There is a great deal of momentum in Washington and around the globe to put a price on carbon. The basic precept is that by monetizing carbon pollution, the market will adjust, moving operations away from a costly source of energy to one that is more affordable. Yet, fossil fuels are entrenched in our society, and the resistance to pry ourselves away from fossil fuels is huge. So much of our infrastructure and way of life has been built around the combustion of these polluting energy sources. The largest suppliers have even stooped to lying and manipulating public opinion to continue fossil fuel’s stranglehold on our way of life.[1] So finally, if society does set a price, what should that price be? Certainly, a price that will quickly move the markets away from fossil fuel sources in a substantive way is most desirable. Yet, a balanced approached is called for, in order not to upset business processes too abruptly.

What then would that price be in order to move the market, and are there other considerations?
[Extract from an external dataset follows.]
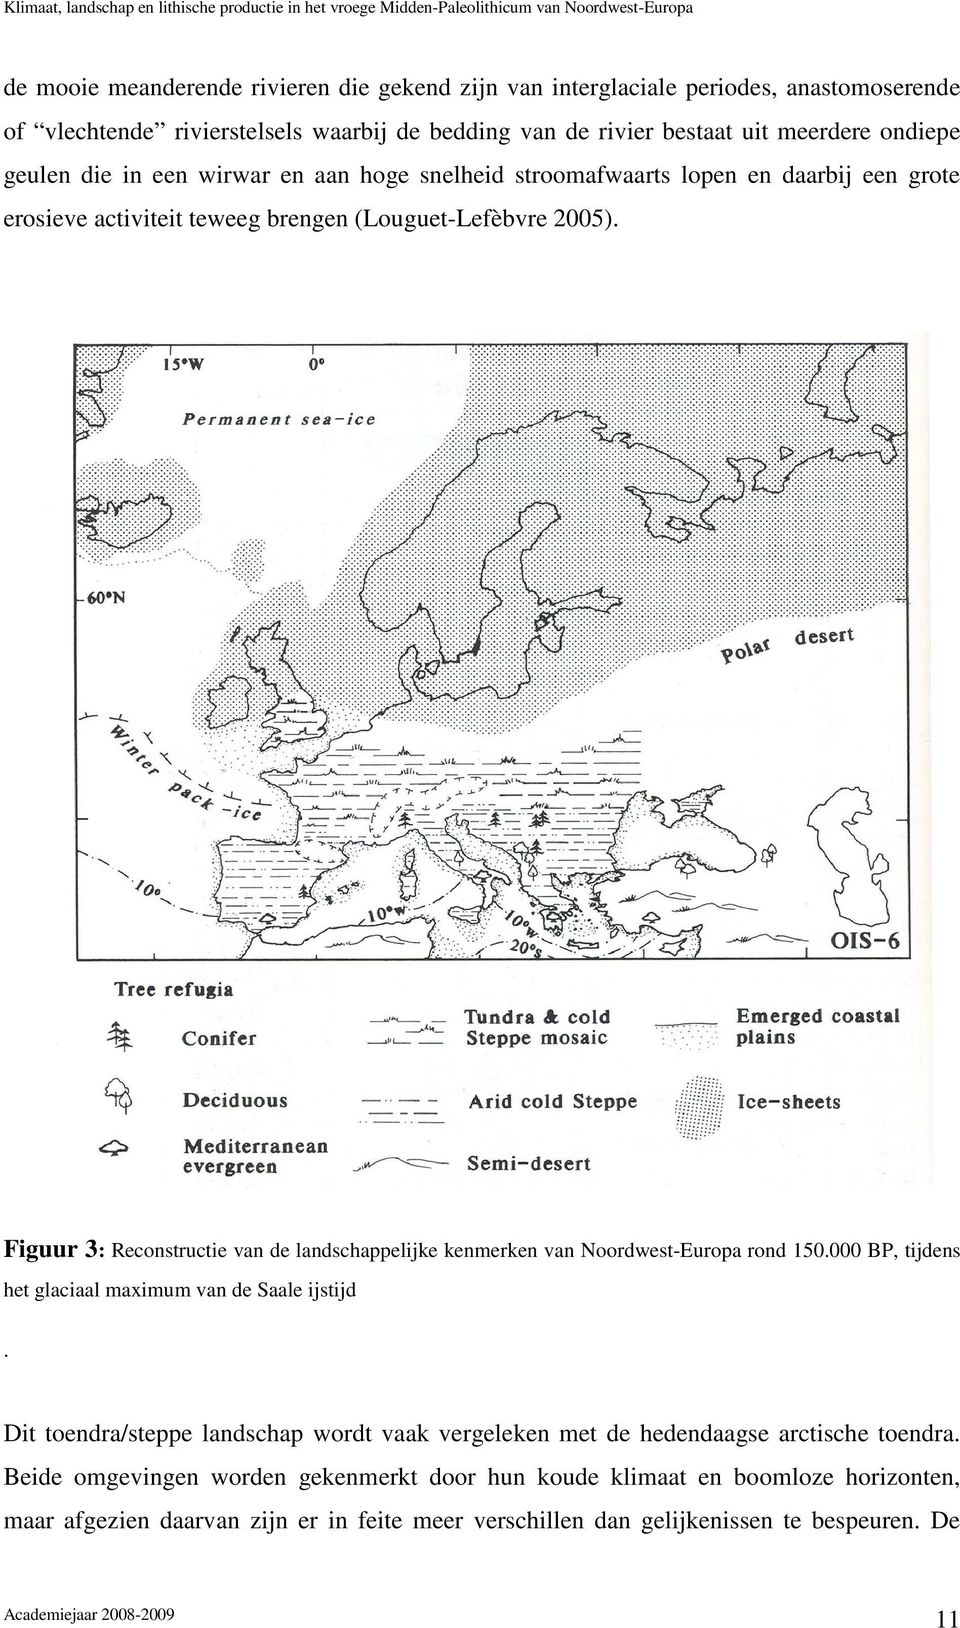 Figuur 3: Reconstructie van de landschappelijke kenmerken van Noordwest-Europa rond 150.000 BP, tijdens het glaciaal maximum van de Saale ijstijd.

Will the market reflect the real cost of mitigating the damage done by the unbridled dumping of greenhouse gases (GHGs) into the atmosphere? Such damage includes compromised human health, decreased agricultural productivity, property loss from increased risk of floods and storms, and in the value of ecosystem services[2] lost due to climate change. This is the Social Cost of Carbon (SCC).

The Environmental Protection Agency (EPA) uses different models and discount rates to estimate the SCC[3]. The values that the EPA provide are wide-ranging. For 2015, the modMissouri floodingels set the SCC from $11 to $105[4]. The $105 value comes from the worst-case scenarios; the $11 figure is where minimal damage will be realized. Because of the inherent uncertainties in predicting outcomes from global climate change, the other values published along this bell curve of potential outcomes may turn out to be more realistic. These values are $36 and $56 for 2015[5]. In 2020, these middle-outcome estimates rise to $42 and $62. In 2030, they rise to $50 and $73. The worst-case scenario sets the SCC at $123 and $152, respectively for 2020 and 2030. If you live in Missouri this winter, you are living through an example of a worst-case scenario. Thus, we can see the Social Cost of Carbon on our society can be very high, indeed.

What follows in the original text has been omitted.